During recent years. Pennsylvania-born Frank Buchman lived part of the time in a luxurious Shangri-La at Caux, Switzerland, where two former hotels and a cluster of chalets, overlooking the French Alps and Lake Geneva, had become M.R.A.’s international headquarters. Last week, having lately finished a strenuous session with 850 Moral Re-Armers from all over, he was vacationing at the Black Forest resort town of Freudenstadt. There, one night Frank Buchman suffered a heart attack and died. He was 83.
The Oxford Group. Frank Buchman’s special magnetism was not evident early in his life; one of his teachers in his home town of Pennsburg. Pa., remembered him as “not outstanding in any respect.” A bachelor all his life, he was ordained a Lutheran minister in 1902, and soon found that his special interest was working with young men; for seven years he was secretary of the Y.M.C.A. at Pennsylvania State College. After that, missionary work and evangelism among prisoners in World War I took him to the Near and Far East. and to Europe. It was not until 1921 that he hit his stride by forming the Oxford Group at England’s Oxford University.

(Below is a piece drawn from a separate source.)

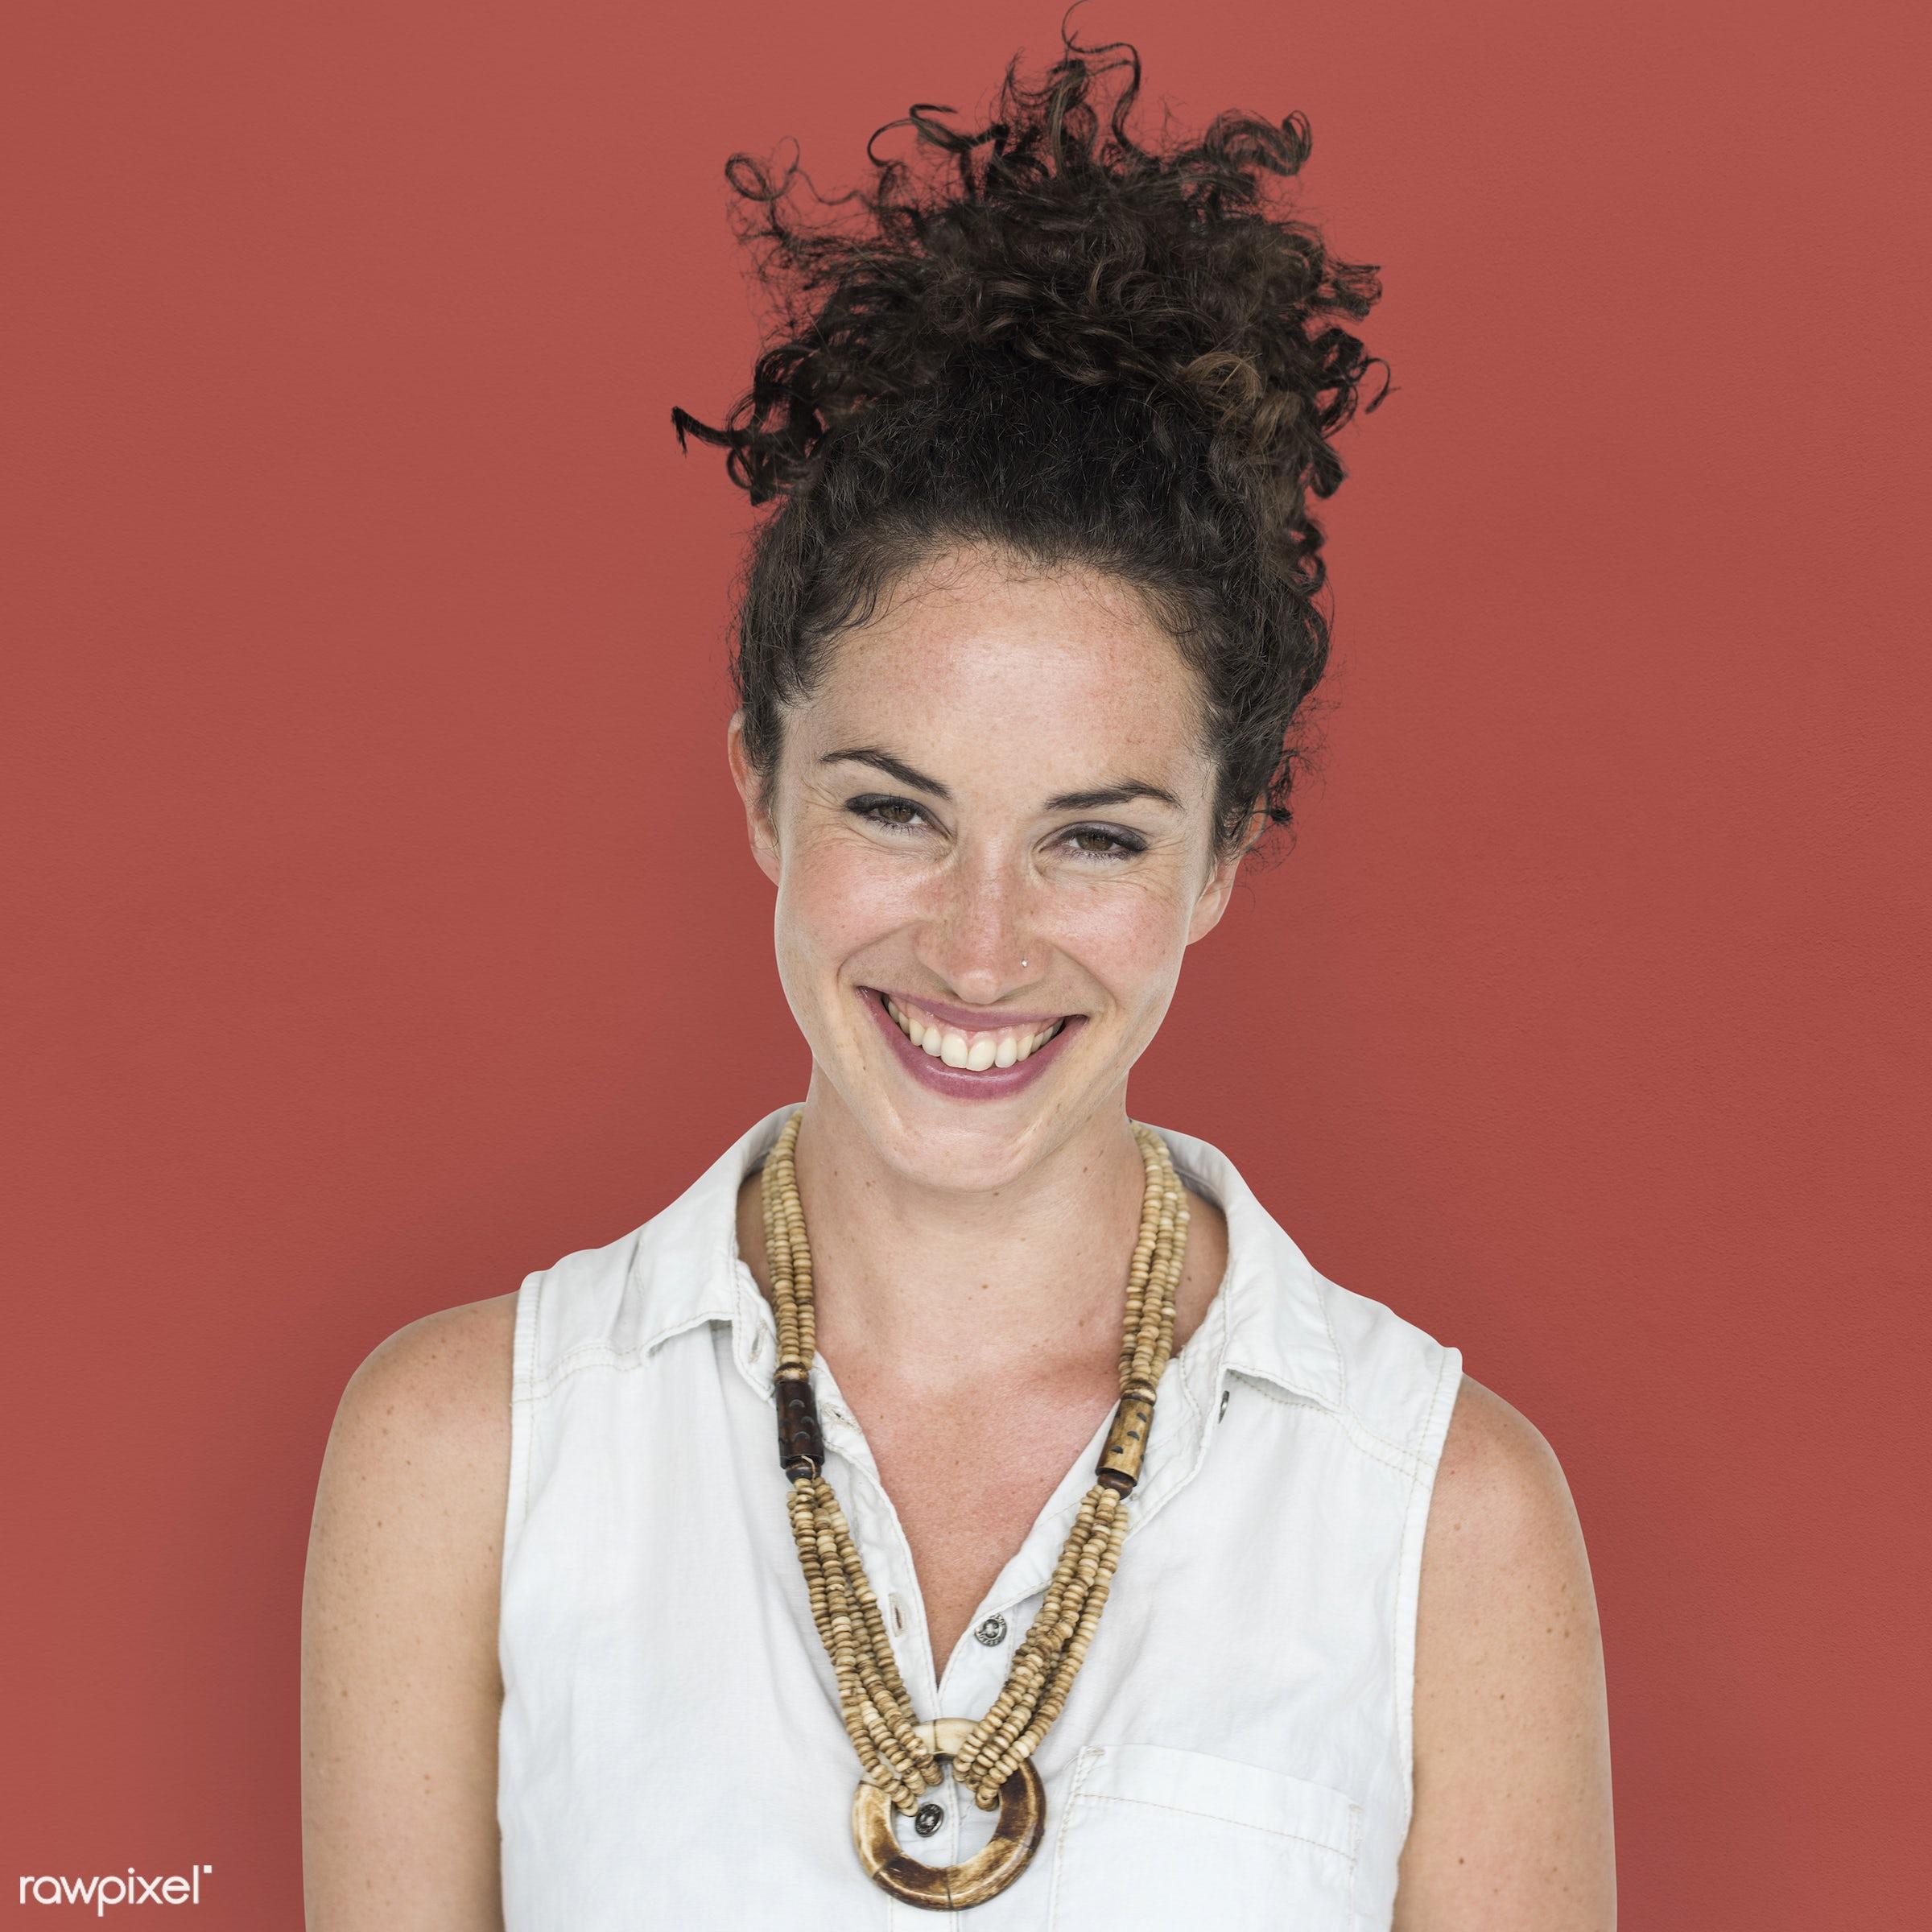 expression, studio, person, people, caucasian, girl, solo, woman, happy, attractive, casual, smile, positive, smiling,...

Imported to America, the Oxford Group went well for a time among Ivy League undergraduates, who responded to the shiny-eyed intensity of the group’s weekend “house parties” in well-staffed mansions, with their morning “quiet times” and their public confessions of sins. The four tenets of Frank Buchman’s version of Oxford Group Christianity were “absolute honesty, absolute purity, absolute unselfishness and absolute love,” and so much absolutism was bound occasionally to end in tears; at Princeton, for instance, President John Hibben summarily banned Frank Buchman from the campus.
God-Guided Elite. Buchman meant M.R.A. to be a “God-guided campaign to prevent war by moral and spiritual awakening.” It failed to prevent war, and it earned considerable censure for seeming to rely heavily on “changing” dictators; Buchman had the misfortune to exclaim publicly: “I thank heaven for a man like Adolf Hitler.” After World War II, M.R.A. turned to attacking Communism.

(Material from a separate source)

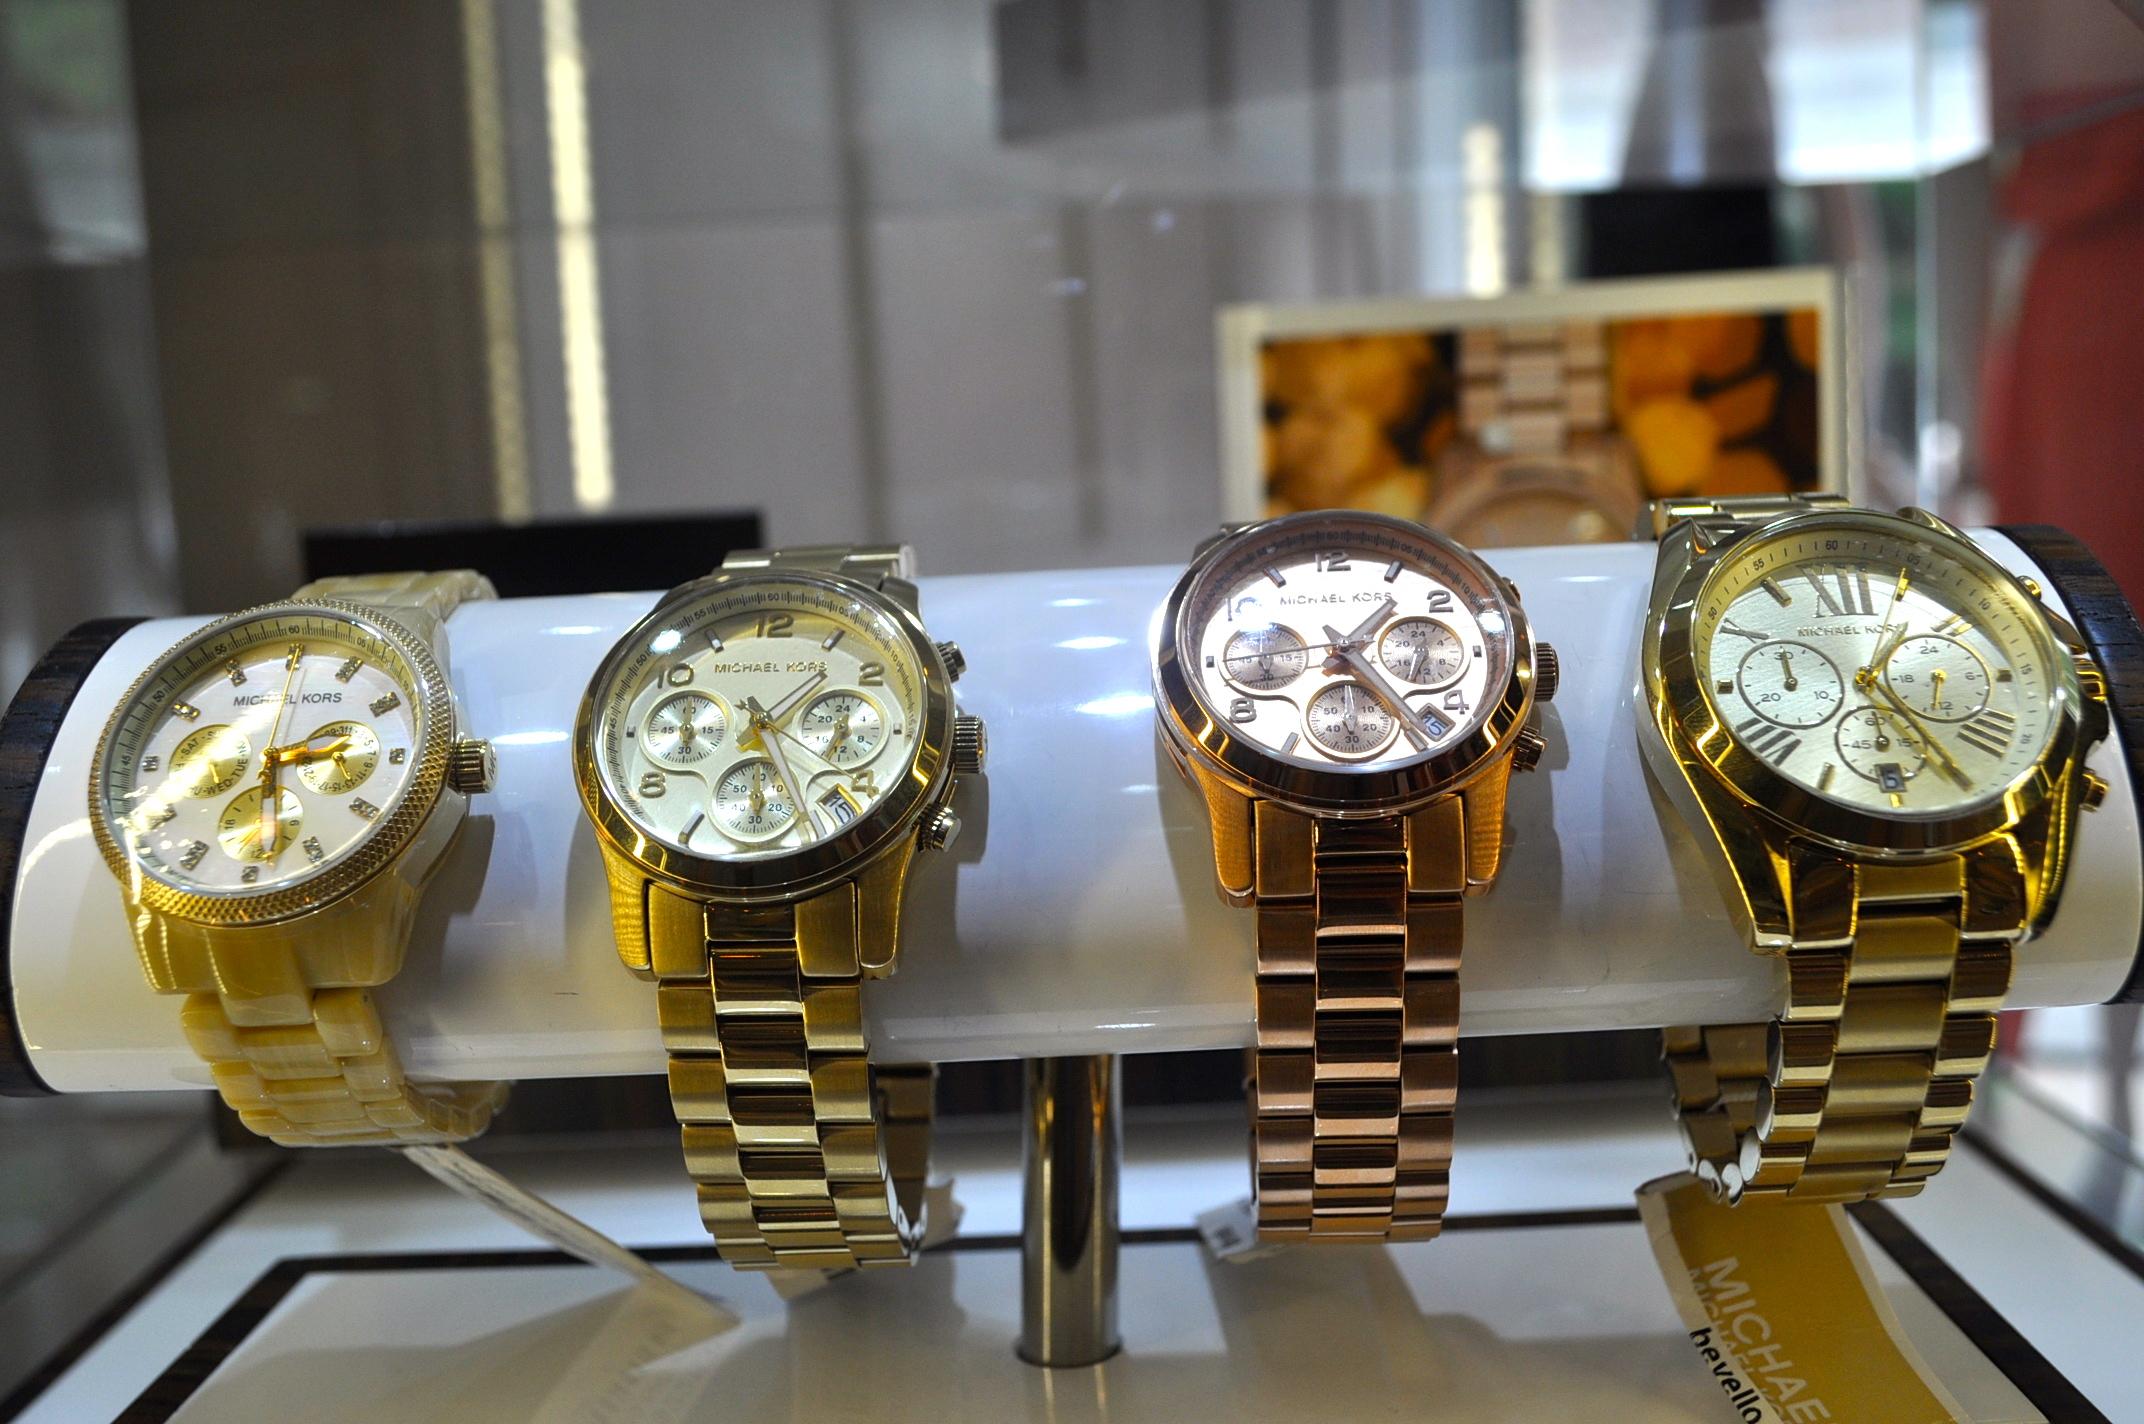 Watches!

The M.R.A. technique for fighting the Reds is still that of changing the world by a “God-guided” elite—a program that has little endorsement these days from the clergy. Reinhold Niebuhr has called the movement “socially vicious” and “religiously vapid,” and six years ago the Church of England’s Social and Industrial Council condemned M.R.A.’s “hectic heartiness, its mass gaiety, and its reiterated slogans as a colossal drive of escapism from . . . responsible living.” The movement has been repeatedly attacked by Roman Catholic leaders as a kind of fake religion.

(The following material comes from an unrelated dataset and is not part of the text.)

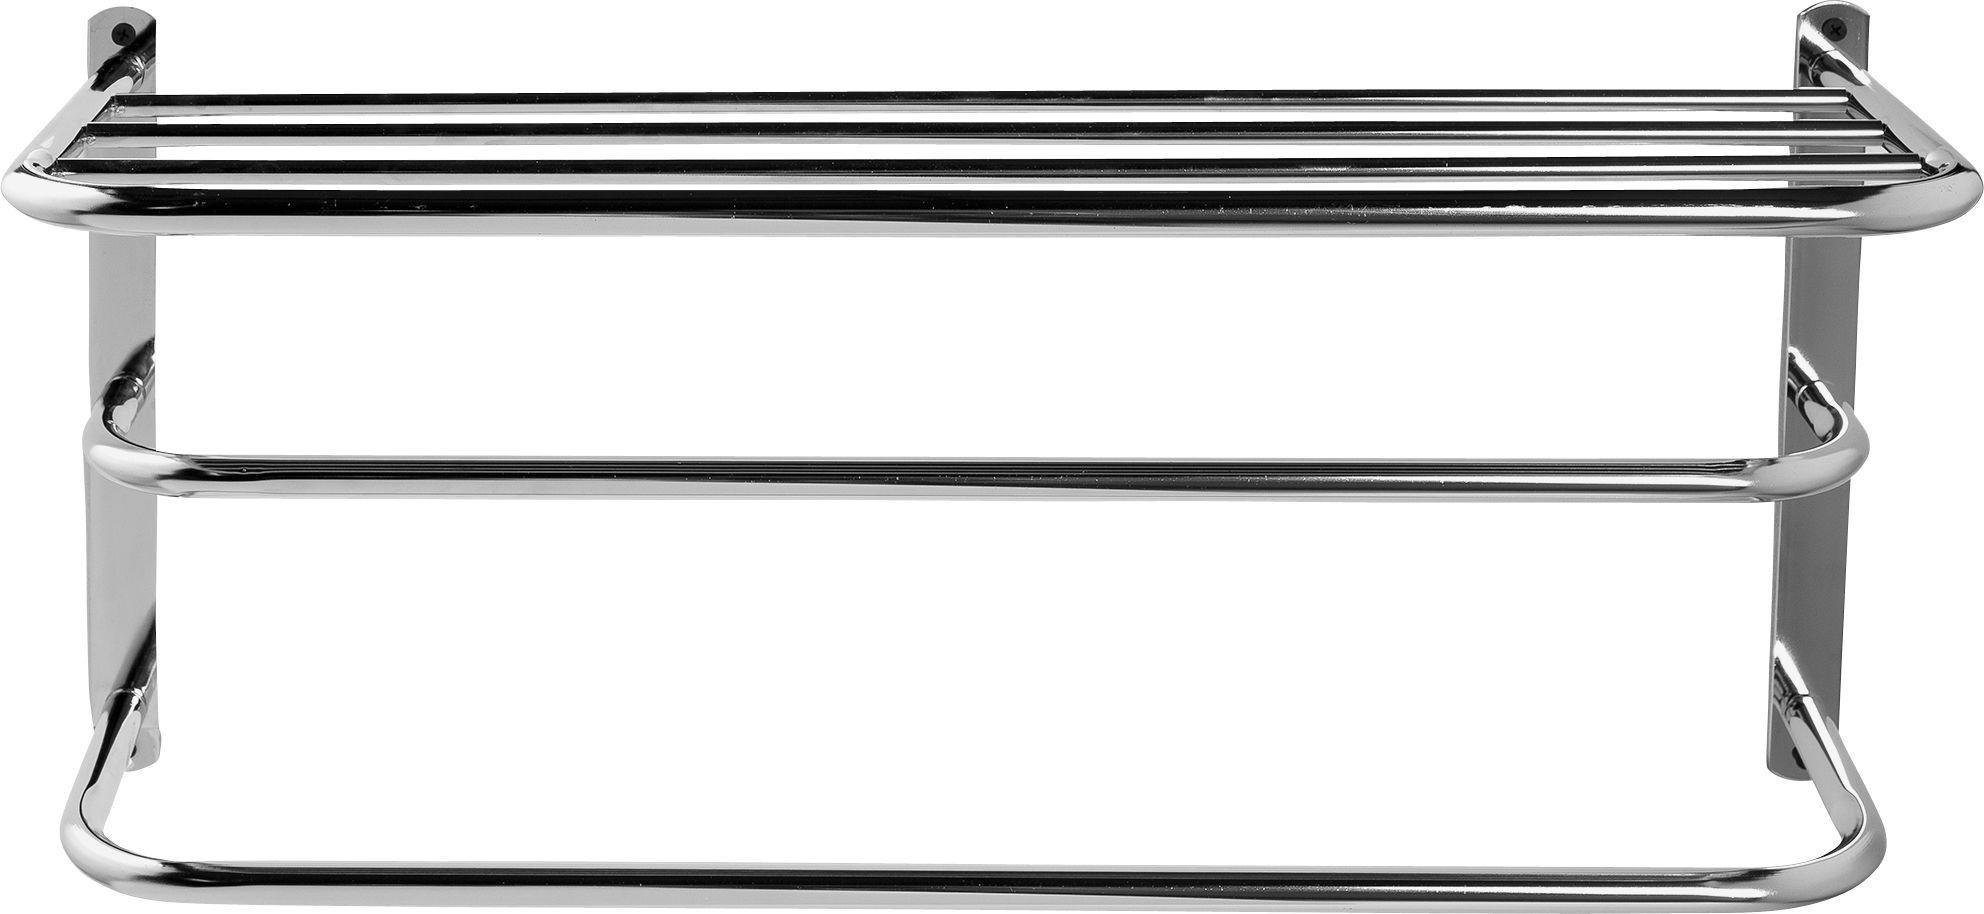 Argos Home - Metal - Towel Rail with Shelf

Such attacks did not keep M.R.A. from prospering. For a U.S. headquarters, it built a multimillion-dollar establishment on Michigan’s Mackinac Island, with room for 1,000 visitors. And from Caux to London’s Berkeley Square to New York’s Westchester County layouts, Buchman and his followers have always had nothing but the best. This luxury, too, brought criticism, but Frank Buchman had an answer. “Isn’t God a millionaire?” he would ask.